Ueberblicke ich alle diese Stellen auf einmal und fasse zugleich den Sinn und Inhalt des ganzen Romans zusammen, so kann ich nirgends etwas wahrnehmen, was als unzüchtig gelten könnte. Regungen einer starken Sinnlichkeit werden in den Personen des Romans geschildert, entsprechend den kulturgeschichtlichen und sozialen Absichten, die der Verfasser als künstlerischer Darsteller der modernen russischen Jugend verfolgt. Das Buch ist somit keine Lektüre für unreife Leser, für Kinder oder für Ungebildete. Solche könnten sich allerdings an einzelne unverstandene Szenen halten und dann allerlei Anstoß daran nehmen; die Schuld daran trüge aber nur ihr eigener literarisch und moralisch nicht genügend ausgebildeter Geist. Normal empfindende Leser, die auch die nötige künstlerische Bildung besitzen, können meines Erachtens unmöglich in ihrem Scham- und Sittlichkeitsgefühl durch diesen Roman verletzt werden; solche Leser werden vielmehr die Anklage und eine etwaige Verurteilung des Romans, wenn diese aus mir unbekannten juristischen Gründen möglich sein sollte, nicht verstehen können.
gez. Dr. Franz Muncker.
8. Gutachten
des kgl. Oberstudienrats J. Nicklas in München.

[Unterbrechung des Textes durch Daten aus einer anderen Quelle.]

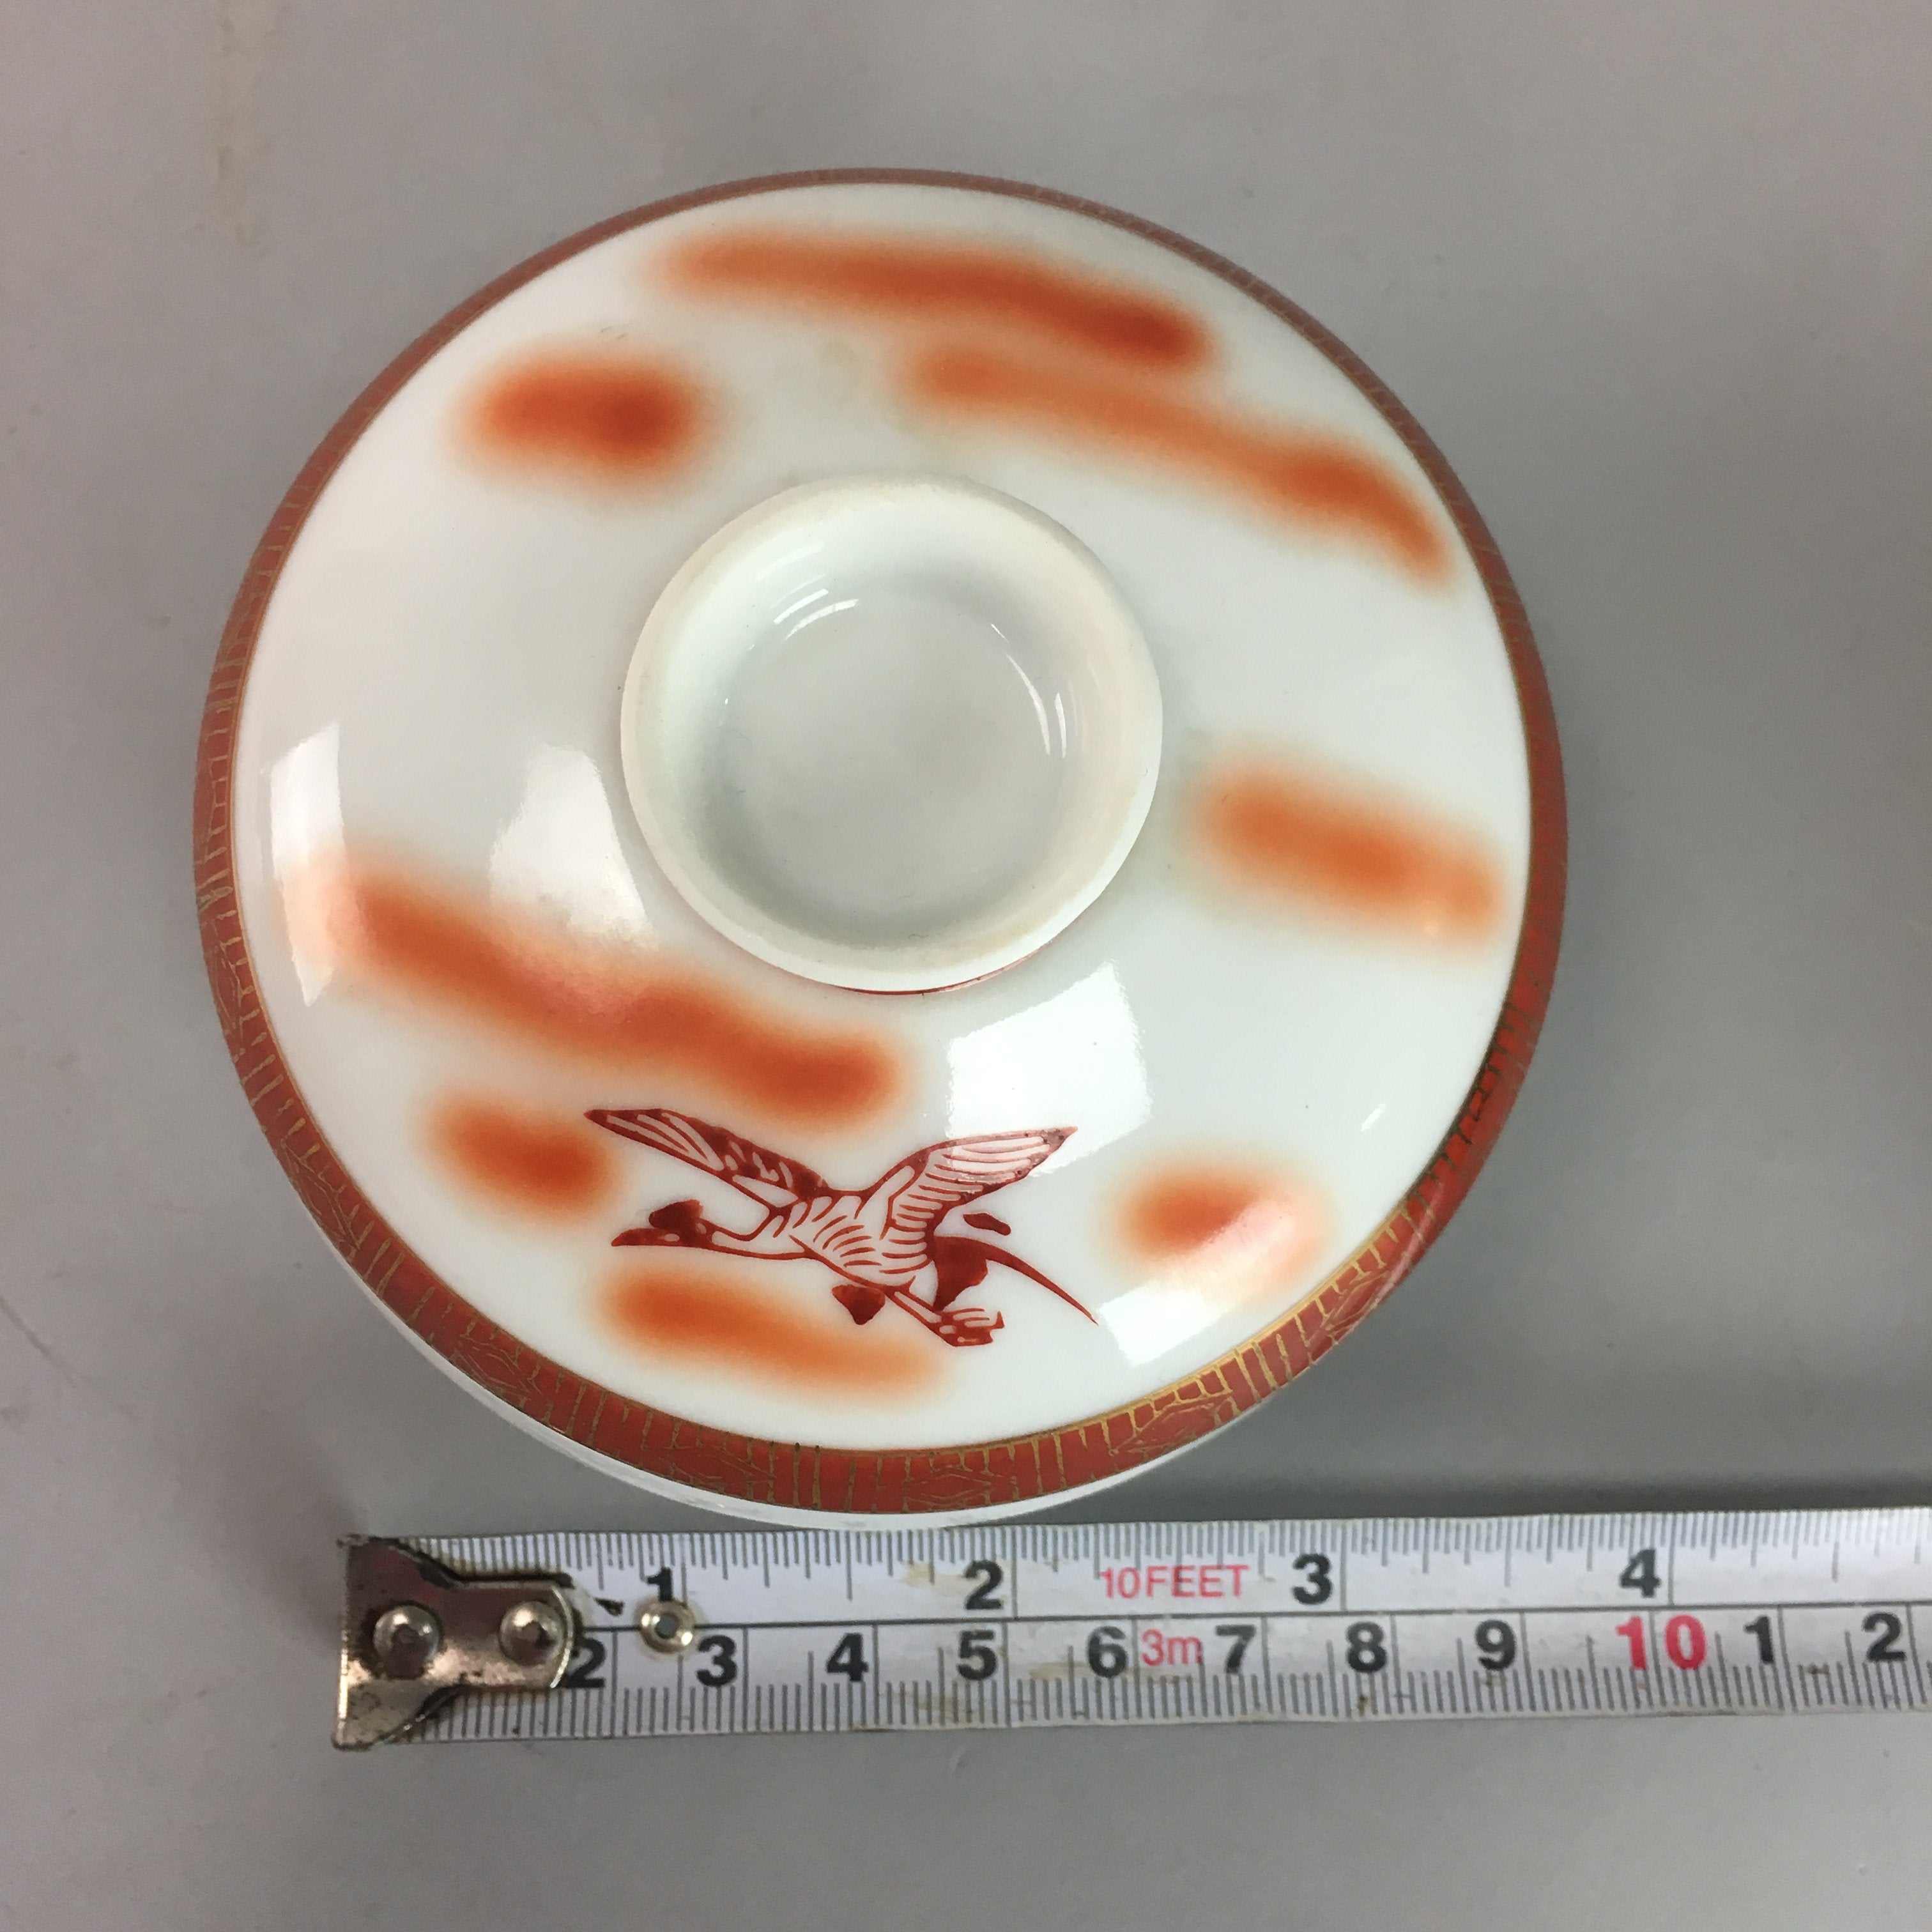 Japanese Porcelain Lidded Bowl Vtg Kobachi Red Crane Plum Blossom Floral PT245
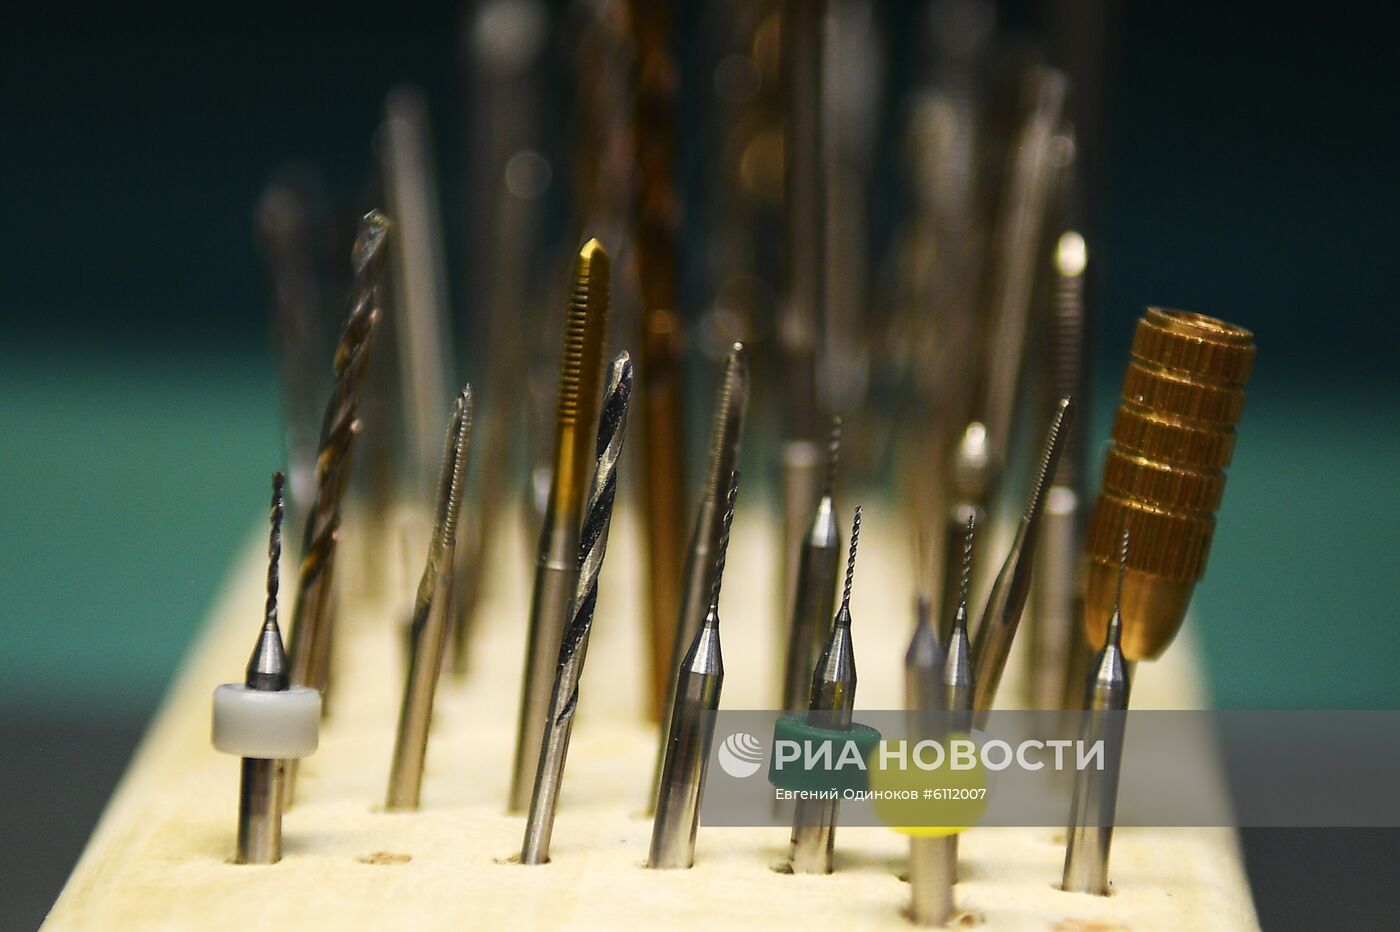 Первый в России центр по 3D-печати комплектующих для проверки микросхем открыли в Ижевске

Der Roman „Ssanin“ von Artzibaschew ist nach meiner Meinung eine Publikation ohne künstlerischen bezw. literarischen Wert. Das Werk, das die jetzige Jugend Rußlands schildern will, wie sie von revolutionären Ideen und Handlungen zur Erotomanie überging, entbehrt vor allem des Rückgrates eines jeden literarischen Kunstwerks, der Handlung und der Charaktere. Der Verfasser läßt seine „Helden“, die mit Ausnahme des Egoisten Ssanin blasierte, abgelebte, lüsterne, erbärmliche junge Leute sind, lediglich Zigaretten rauchen, in breiter, selbstgefälliger und geschwätzigster Weise ohne tiefere Kenntnis der Welt über alles mögliche, namentlich über ihre weltschmerzlichen Gefühle Raisonnements anstellen; da sie sich in ihrem überreizten Empfinden in der Welt nicht zurechtfinden und keinen Begriff von der Bedeutung der Pflicht und der Arbeit haben, gefallen sie sich fortgesetzt in nichtigen Gefühlsentladungen und suchen den Wert des Lebens in der Befriedigung sexuellen Genusses. Nur die Darstellung der psychologischen Vorgänge in der Brust der gefallenen Mädchen Lyda und Karssawina erhebt sich zu einer gewissen literarischen Bedeutsamkeit.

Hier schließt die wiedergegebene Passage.